Trust is not enough to protect a live codebase. Even a strong model cannot know which files are politically sensitive, legally sensitive, or fragile because of years of history. In real repos, some of the smallest files carry the most risk: payment settings, auth rules, billing jobs, alert routes, and backup scripts.

That is why clear limits matter. A good assistant can still make a bad guess. If it can write anywhere, run almost any shell command, and reach the network freely, one helpful task can turn into silent damage before a human notices.
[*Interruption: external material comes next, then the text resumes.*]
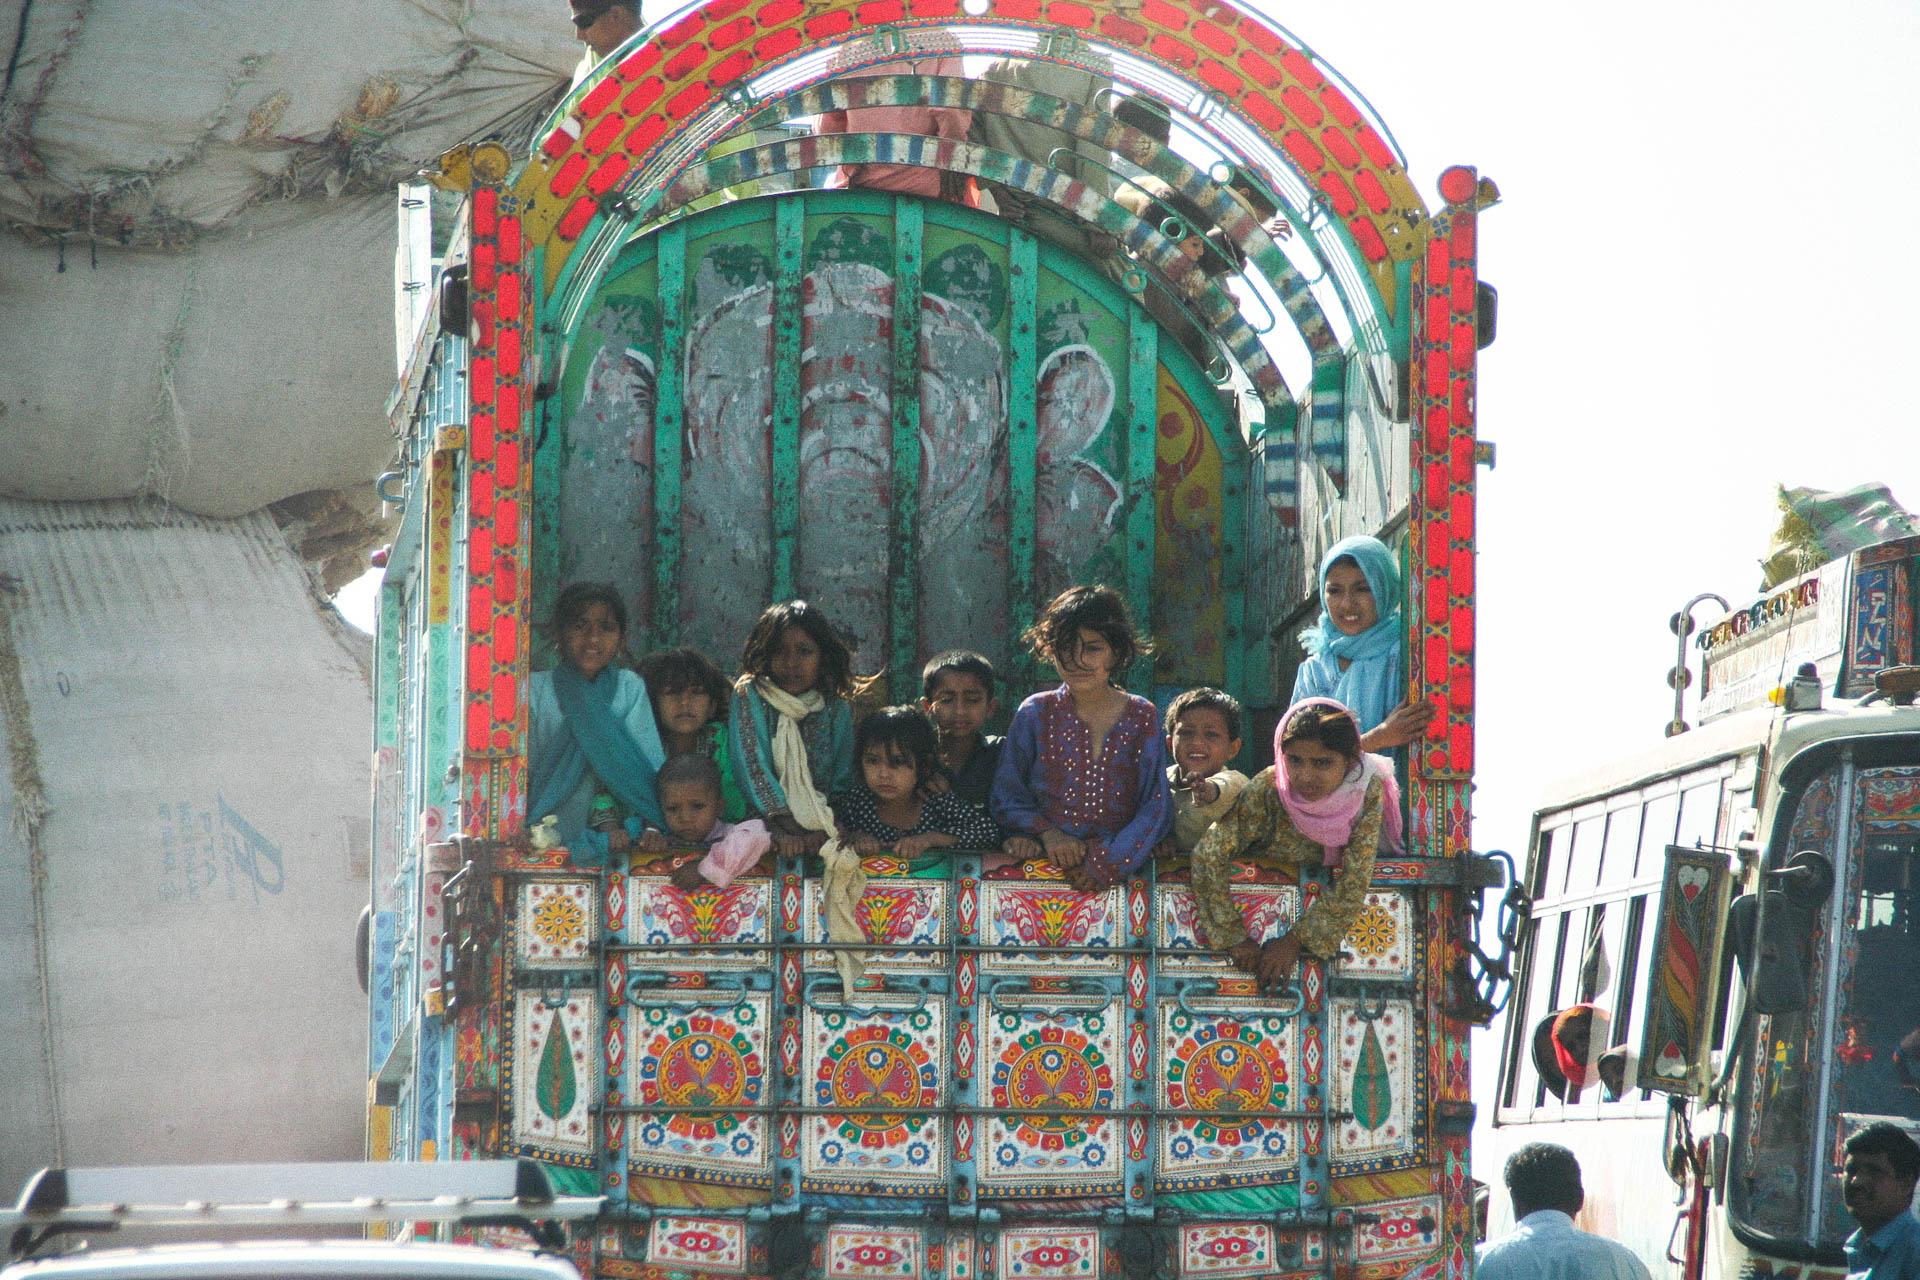 Kinder, Transport auf LKW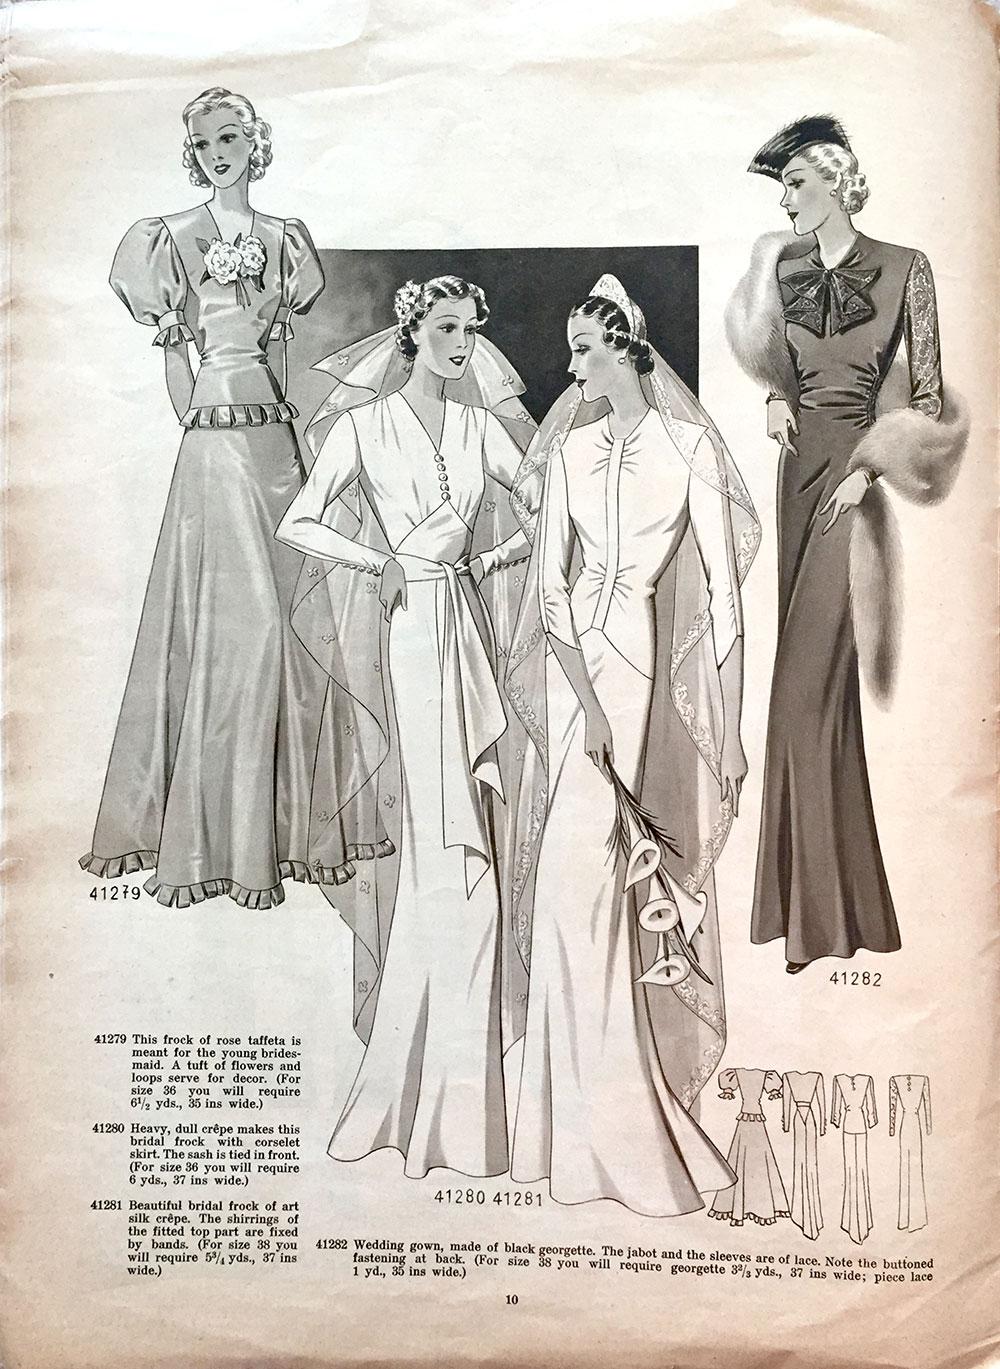 1938 wedding gowns

The safer goal is simple: let the assistant help where mistakes stay small, and block the actions that spread fast.

What a task-based allowlist means

A task-based allowlist is a short rule set that says what a code assistant may do for one kind of job and what it may not do. It is a permission menu, not a trust badge. The assistant does not get broad access just because it behaved well once.

On a real repo, different actions carry different kinds of risk. Reading code is usually low risk. Changing files, running shell commands, or calling outside services can break builds, leak data, or make changes that are hard to spot later. It helps to split permissions into three separate areas: file writes, shell commands, and outbound calls.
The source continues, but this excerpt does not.